In a statement by the Interim National Publicity Secretary of African Democratic Congress (ADC), Mallam Bolaji Abdullahi, the party questioned whether the President Bola Tinubu administration has been deceiving Nigerians, having recently spent over $2.8 billion dollars on the refineries, before declaring that they were moribund.
“The African Democratic Congress (ADC) has noted with deep concern the recent confirmation by the Tinubu administration and the leadership of the Nigerian National Petroleum Company Limited (NNPCL) that the federal government is proceeding with the full privatisation of Nigeria’s state-owned refineries. This development, coming just months after government officials claimed that the Port Harcourt and Warri refineries had resumed partial operations, raises fundamental questions about transparency and policy coherence.
“It would be recalled that the APC government recently announced that the refineries were already working. It is therefore curious that the same government, having spent such humongous amounts on the refineries, is now planning to sell them off.
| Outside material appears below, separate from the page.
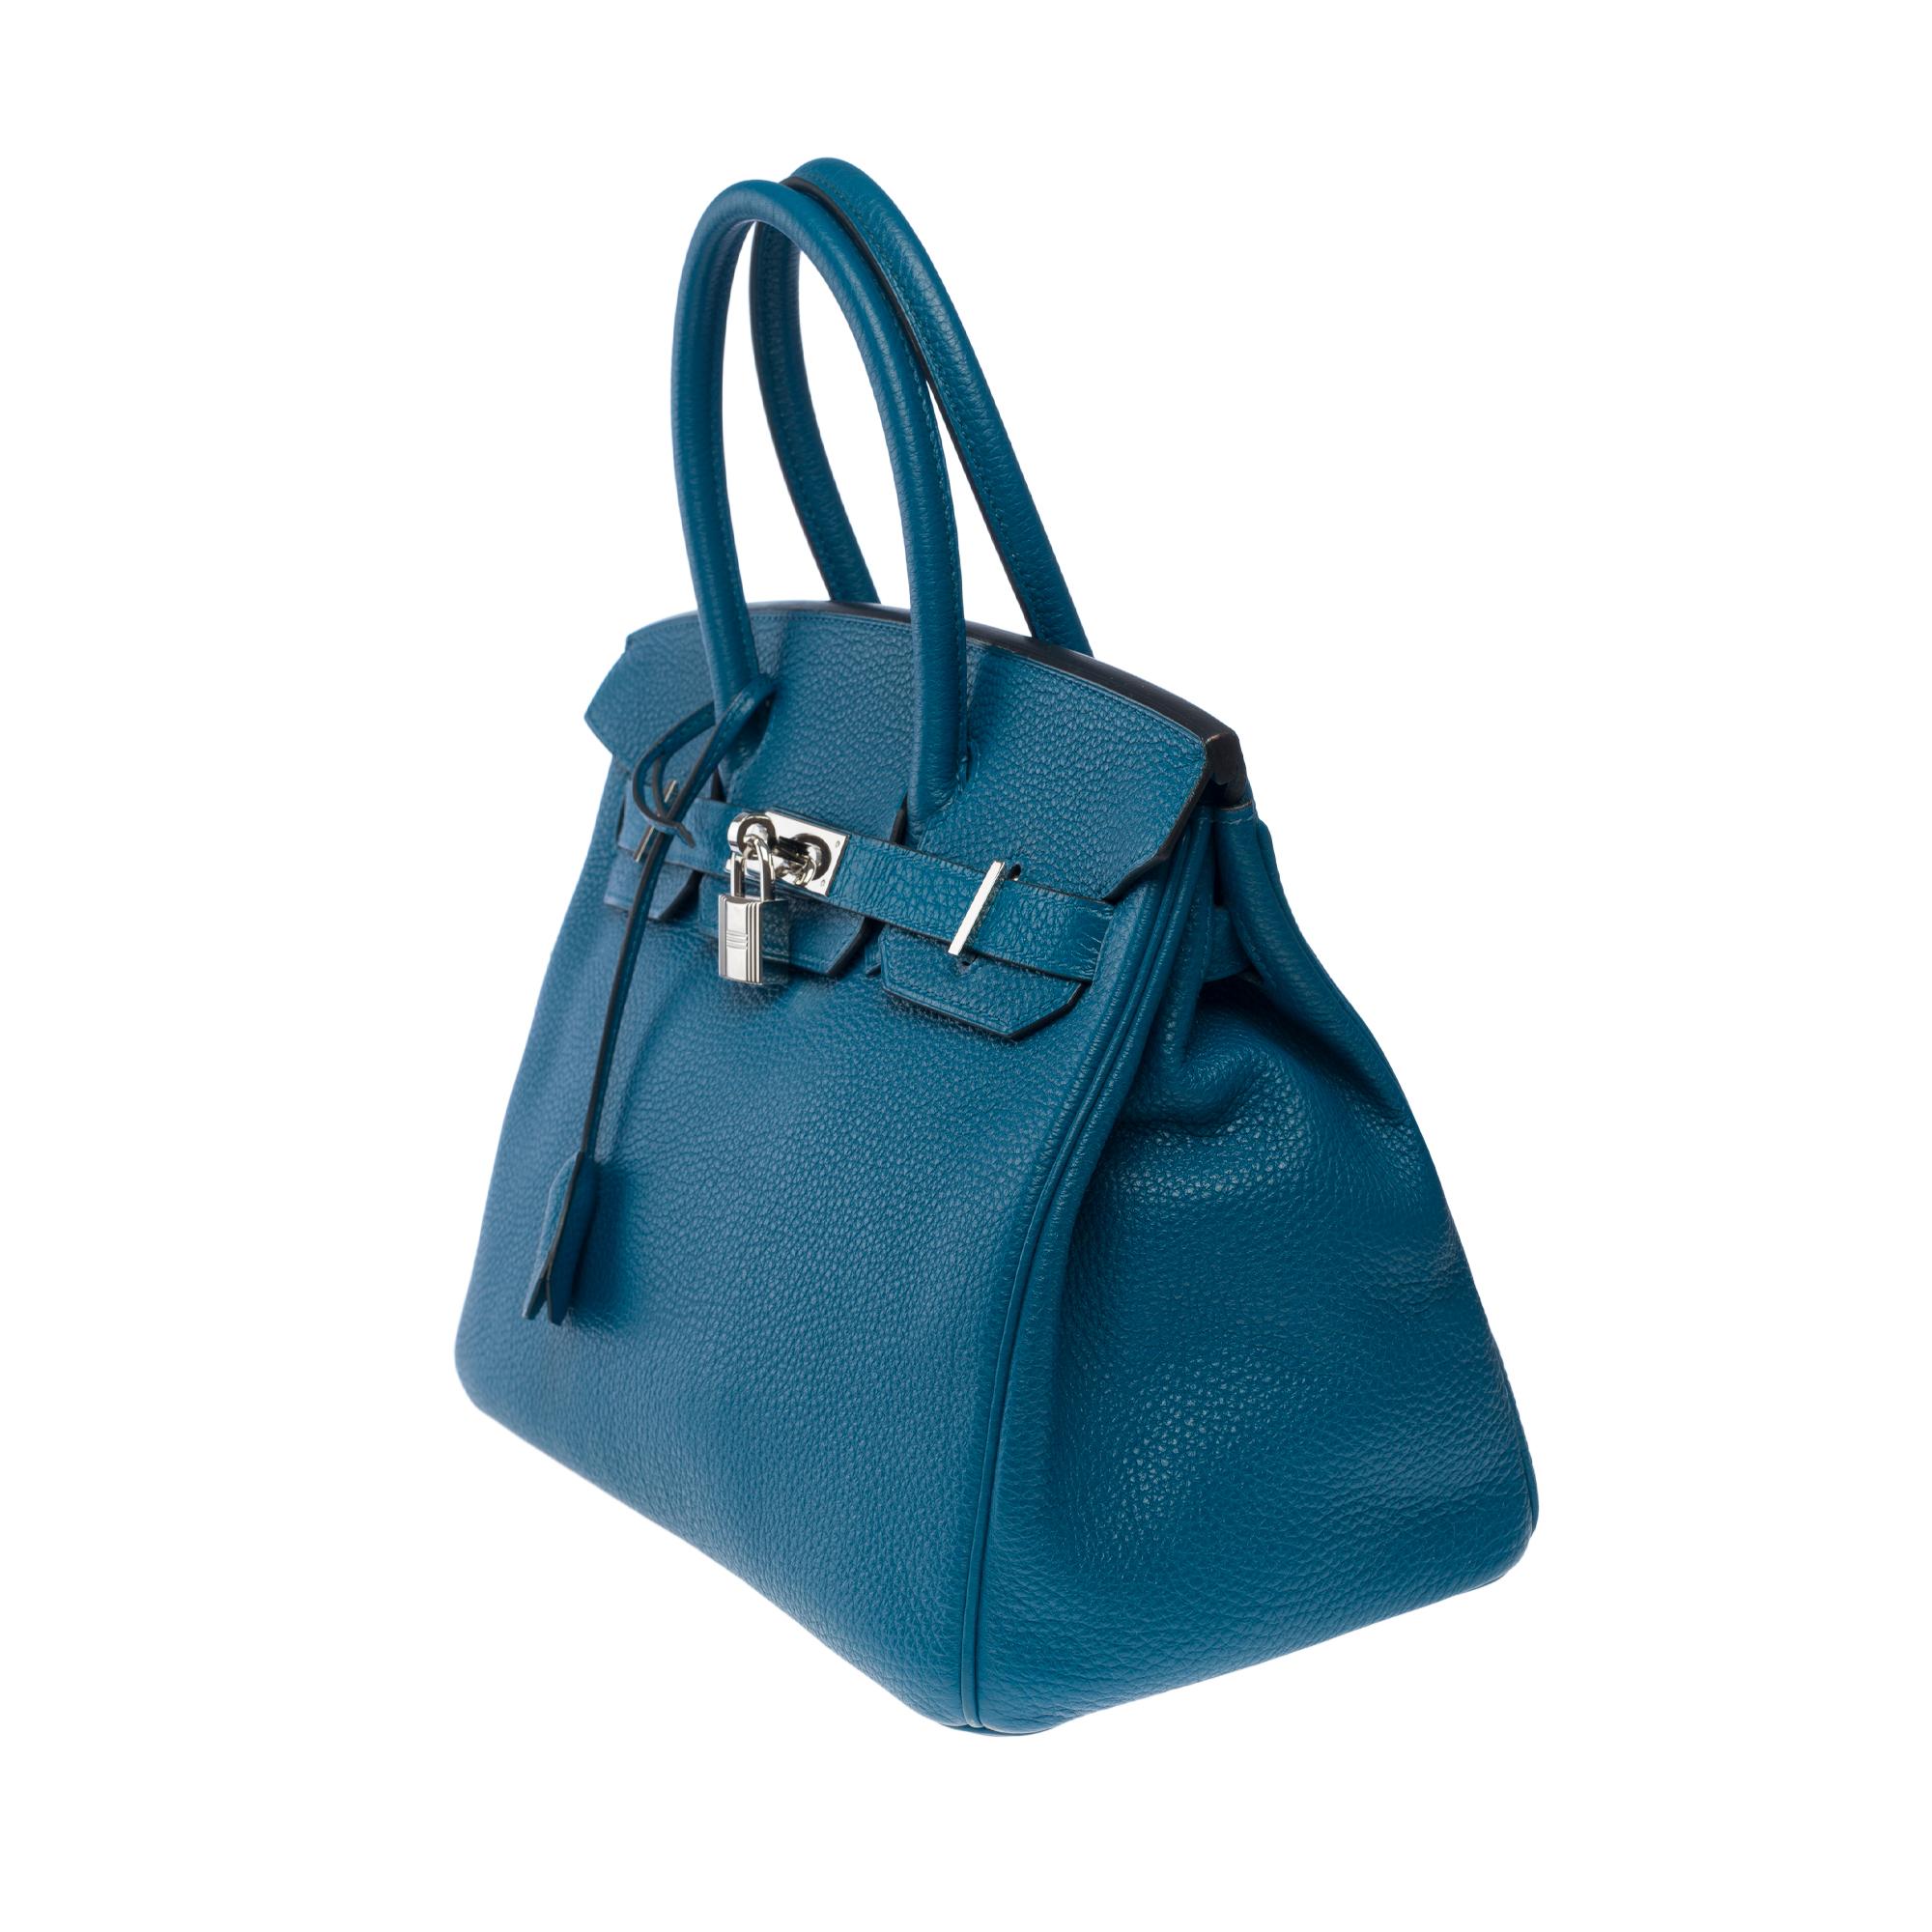 Stunning Hermes Birkin 30 handbag in Blue Togo leather, SHW For Sale 1

“ADC is concerned about the perennial waste and underhanded dealings in the name of turnaround maintenance that never turned anything around but the personal fortunes of those involved. We believe this must not continue. We are however suspicious of the current moves being made by the government to sell off the refineries outright without giving full consideration to alternative options and without consultations with critical stakeholders. Selling off the refineries under the prevailing circumstances is indeed conducive for all sorts of criminal dealings, whereby national assets could be deliberately devalued and sold to cronies.
“ADC therefore calls for a full and independent audit—financial, technical, and structural— before any sale is contemplated or privatisation is considered.
“Successive APC administrations have poured over $18 billion into the so-called rehabilitation of Nigeria’s refineries. The current administration is reported to have spent another $2.8 billion under the same pretext. Yet there is no verifiable increase in refining capacity, no observable cost efficiency, and no fuel security benefit accruing to the Nigerian people. Instead, the same refineries have remained idle or dysfunctional, while the government continues to fund the importation of refined petroleum products.
“Even Africa’s foremost industrialist, Alhaji Aliko Dangote, whose private refinery now stands as the only viable refining asset in the country, has publicly stated his doubts that these government-owned refineries can ever work again. And he is right to doubt. The infrastructure is obsolete, the operations are hollowed out, and the entire value-chain has become a black hole for public funds. So again, we must ask: what exactly is being sold, and why now?,” the statement read.